Amendments proposed in the federal government’s medical assistance in dying legislation fall short of the goal of harmonizing and clarifying the law, the CBA says in a submission to the Committee on Justice and Human Rights.
The amendments came in response to the Quebec Superior Court’s Truchon decision, which struck down the law’s requirement of “reasonably foreseeable death” for anyone seeking medically assisted death. The court originally gave the federal government six months to amend the legislation, but extended the deadline to July 11.
In January the CBA’s End-of-Life Working Group participated in a ministerial round table on a proposed legislative response to Truchon and later prepared a written submission.
Now the Working Group, comprised of members drawn from diverse areas of expertise, including constitutional and human rights, health and elder law, among others, says it has several concerns with Bill C-7, An Act to amend the Criminal Code (medical assistance in dying).
Among other things, the proposed amendments do not clear up the question of “reasonably foreseeable death” that was at the heart of Truchon.
“The criterion of ‘reasonably foreseeable death’ has caused significant uncertainty and difficulty in practice and Bill C-7 does not give any guidance on how to apply it,” the Working Group says. “We recommend that guidance be given to avoid confusion on which safeguards apply and ensure appropriate access to MAID.”

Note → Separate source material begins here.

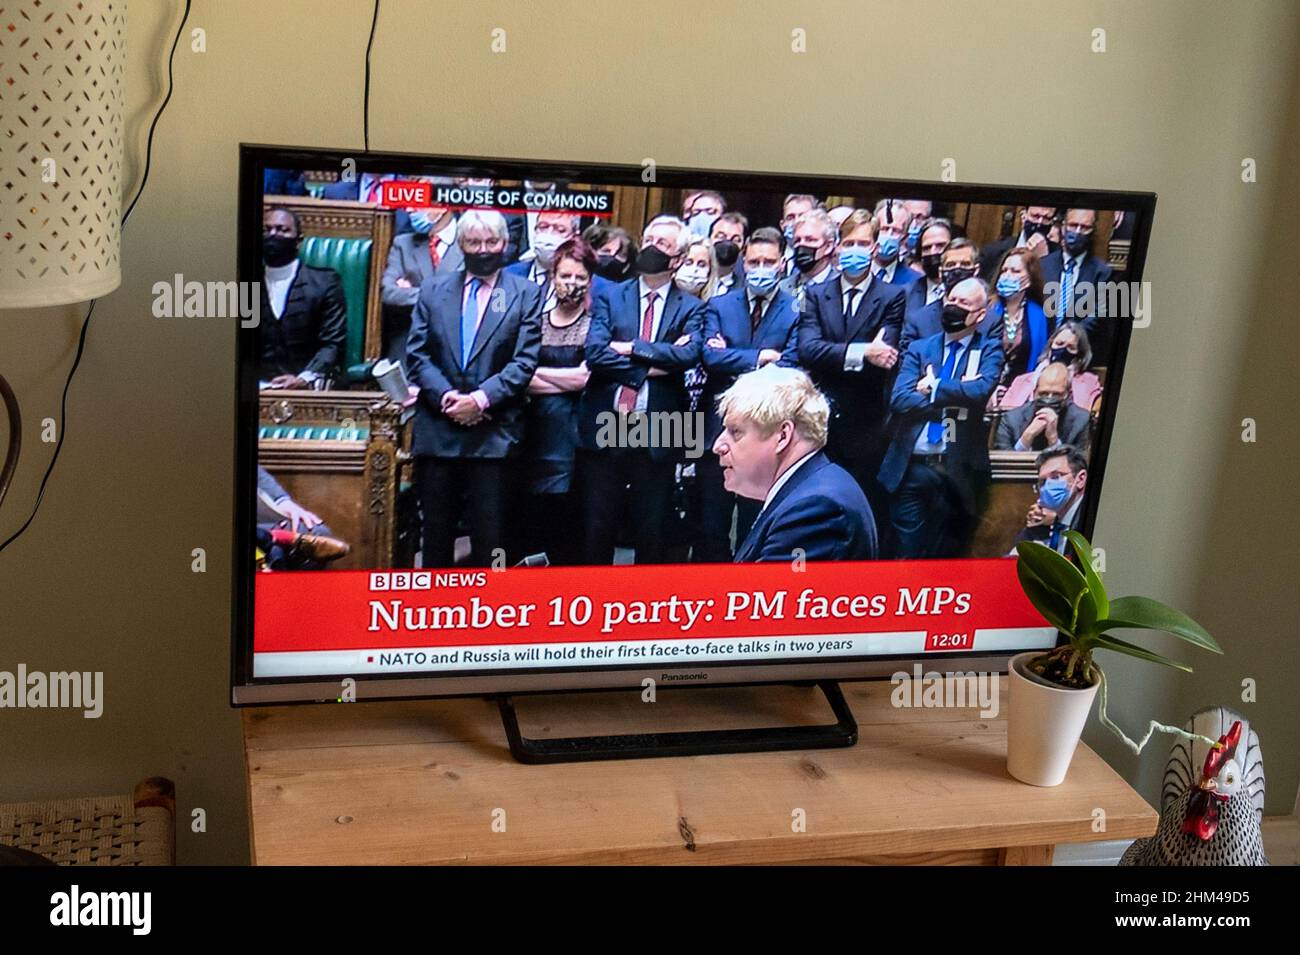 El primer ministro Boris Johnson en las noticias de la BBC disculpándose a los parlamentarios de la Cámara de los Comunes por romper las reglas de Covid con los partidos en 10 Downing Street. Foto de stock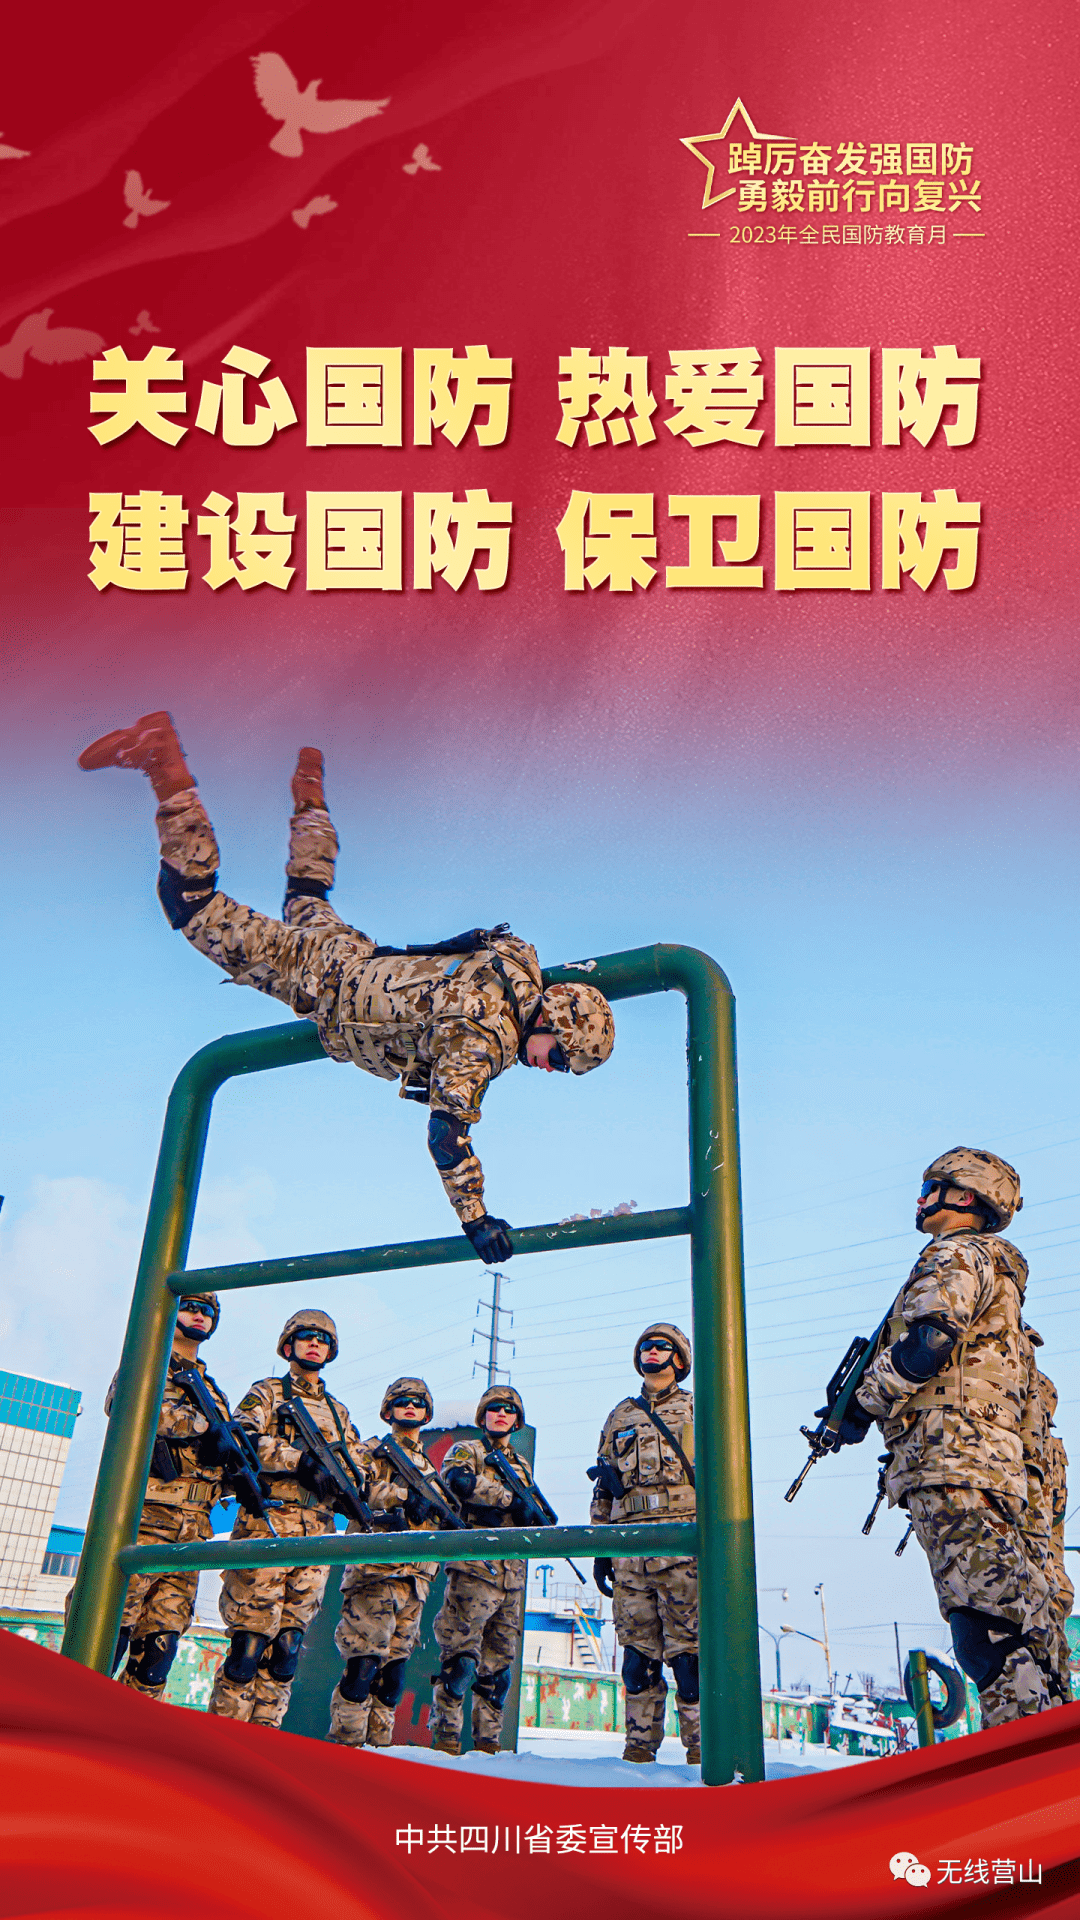 超燃海报丨2023年全民国防教育月:踔厉奋发强国防 勇毅前行向复兴

A waiver of final consent should apply both when death is reasonably foreseeable and when it is not, since capacity may be lost in both situations, the Working Group says.
Many of the Working Group’s concerns revolve around the question of personal autonomy.
For example, the bill would require that practitioners agree that the person seeking MAID has seriously considered all reasonable and available alternative means of ending their suffering. The Working Group says that the practitioner should only need to attest that the person has received all necessary information – whether the practitioner agrees that serious consideration was given to that information is irrelevant.
Autonomy is also a consideration for the mentally ill. Mental illness should be included in the definition of serious and incurable illness, the Working Group says, whether death is reasonably foreseeable or not. “In Truchon,” it says, “the Court stated that vulnerability must be assessed from an individual perspective through informed consent. The general exclusion of all persons suffering from mental illness is likely to be constitutionally challenged.”
C-7’s new requirement that one of the two assessors have expertise in the condition causing the applicant’s suffering is likely to create a barrier to receiving MAID, since appointments with specialists can take years, especially in areas where medical resources are limited. The current law requires the practitioner to determine their own level of expertise when assessing and seeking informed consent.